In the afternoon, Colonel Paul X. Kelley, commander of the 2nd Battalion 4th Marines, one of the operation's reserve units visited the 7th Marines command post and suggested that the Vietcong may have moved east from Hill 141 towards the coast and it was decided that this area should be searched.

===21 March===
On the morning of 21 March 3/7 Marines moved southeast from Hill 141, 2/4 Marines was landed by helicopter southeast near the hamlet of Phuoc Dinh (2), while the ARVN 2nd Battalion 5th Regiment and an APC Company advanced southwest from Binh Son and the 3rd Battalion 5th Regiment advanced northwest from the direction of Quảng Ngãi.

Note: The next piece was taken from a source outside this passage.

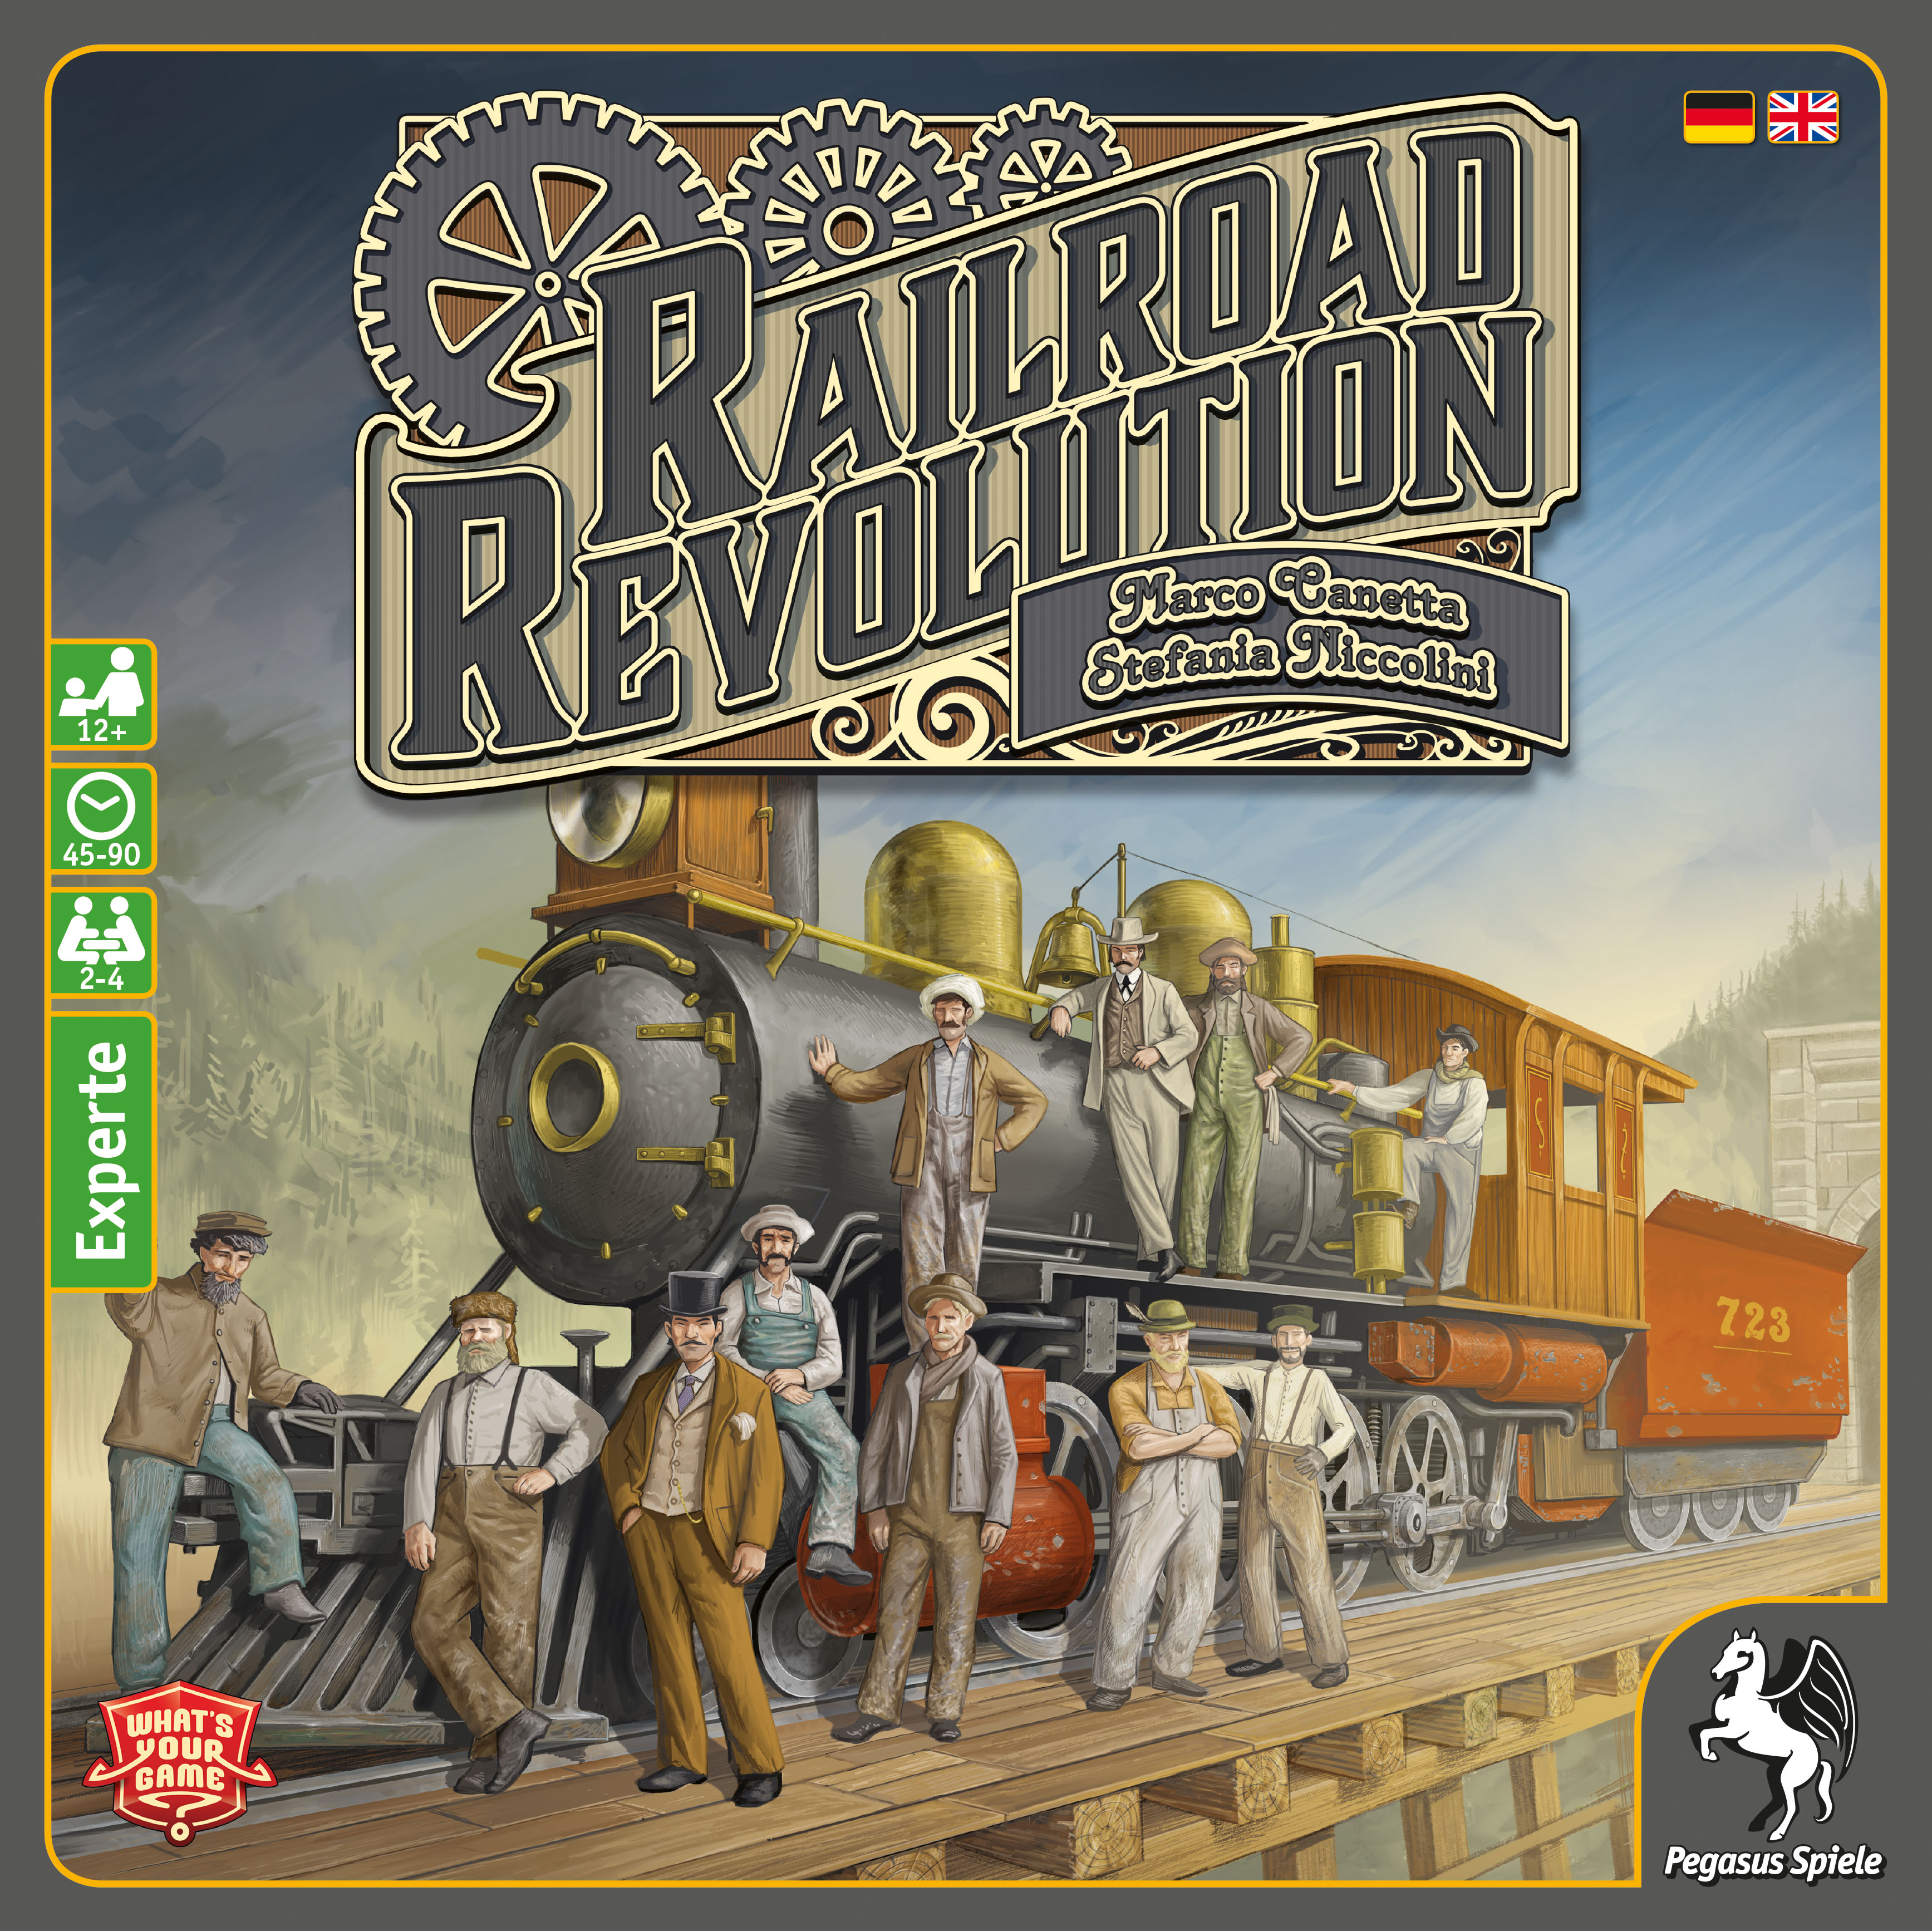 Railroad Revolution erscheint bei Pegasus Spiele im November 2016

The helicopters carrying 2/4 Marines were met with heavy machine gun fire and Company F, the first to land had to repulse Vietcong attacks on the landing zone. Artillery fire was called in on Phuoc Dinh (2) and at 12:30 2/4 Marines began their attack on the village with Company D attacking from the north and Companies E and F attacking east. As the Marines began their assault on the village helicopter gunships from VMO-6 saw numerous Vietcong moving within defensive positions and the Marines were met by intense small arms fire. Company E penetrated the first layer of defenses but soon discovered 3 more lines of bunkers and barbed wire, while Company D was unable to penantrate the defenses. The 2/4 Marine command group was caught in a crossfire which killed or wounded 14 Marines and COL Kelley called for napalm strikes immediately in front of his positions. By 16:00 51 airstrikes and 1346 artillery rounds had been directed against the Vietcong positions and 2/4 Marines were able to disengage.

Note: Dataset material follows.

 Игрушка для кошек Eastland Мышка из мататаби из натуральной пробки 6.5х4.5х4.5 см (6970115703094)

Approximately 2 km north of Phuoc Dinh (2), 3/7 Marines encountered an estimated 2 Companies of Vietcong in bunker positions, after a 3-hour battle the Vietcong broke contact.

At 16:00 the operational reserve 3rd Battalion 1st Marines and the ARVN 2nd Division Strike Company were deployed by helicopter to Xuan Hoa hamlet 1.5 km southeast of Phuoc Dinh (2). As they approached the landing zone a UH-34 from HMM-163 was hit by machine gun fire and crashed killing 7 Marines and 3 crew. As they approached Xuan Hoa the force encountered well entrenched Vietcong who engaged them until nightfall when they slipped away.

North of Phuoc Dinh (2), the ARVN 5th Airborne and APC Company encountered a Vietcong Battalion near the hamlet of Khanh My (3), the Vietcong repulsed two ARVN attacks immobilising 9 M113s.

===22 March===
Brigadier General Lowell English assumed command of the Marine forces, now renamed Task Force Delta. The Marines and ARVN resumed their attack at dawn but encountered little opposition as the Vietcong had slipped away during the night. The bodies of 168 Vietcong dead were found in Phuoc Dinh (2). BG English decided to extend the operation towards the south.

===23 March===
In the afternoon 3/7 Marines was lifted by helicopter 9 km south to Phuoc Loc village. As the Marines advanced on the village they were met by well-entrenched Vietcong in a battle that lasted until nightfall. The Marines called in supporting fire and over 2000 artillery rounds were dropped on the village.

===24 March===
In the morning 3/7 Marines secured the village, the Vietcong had once again slipped away during the night using an extensive tunnel network. The Marines had lost 7 dead and 56 wounded while Vietcong losses were estimated at 60 dead. Northeast of Phuoc Loc the ARVN engaged a Vietcong force killing 40.

==Aftermath==
Operation Texas concluded on 25 March, the Marines had suffered 99 dead and 212 wounded and claiming that the Vietcong had 283 killed. Casualties for the ARVN are unknown.

On 28 March the ARVN 3rd Battalion 5th Regiment was attacked 1.5 km east of Phuoc Loc village. The Marines launched Operation Indiana deploying the 1st Battalion 7th Marines by helicopter to support the ARVN and encountered an estimated Vietcong Battalion near the hamlet of Vinh Loc (2). The Marines renewed their assault on Vinh Loc (2) the next day supported by 2nd Battalion 7th Marines but the Vietcong had abandoned the village during the night leaving 69 dead, while the ARVN claimed to have killed a further 100. Marine losses were 11 dead and 45 wounded.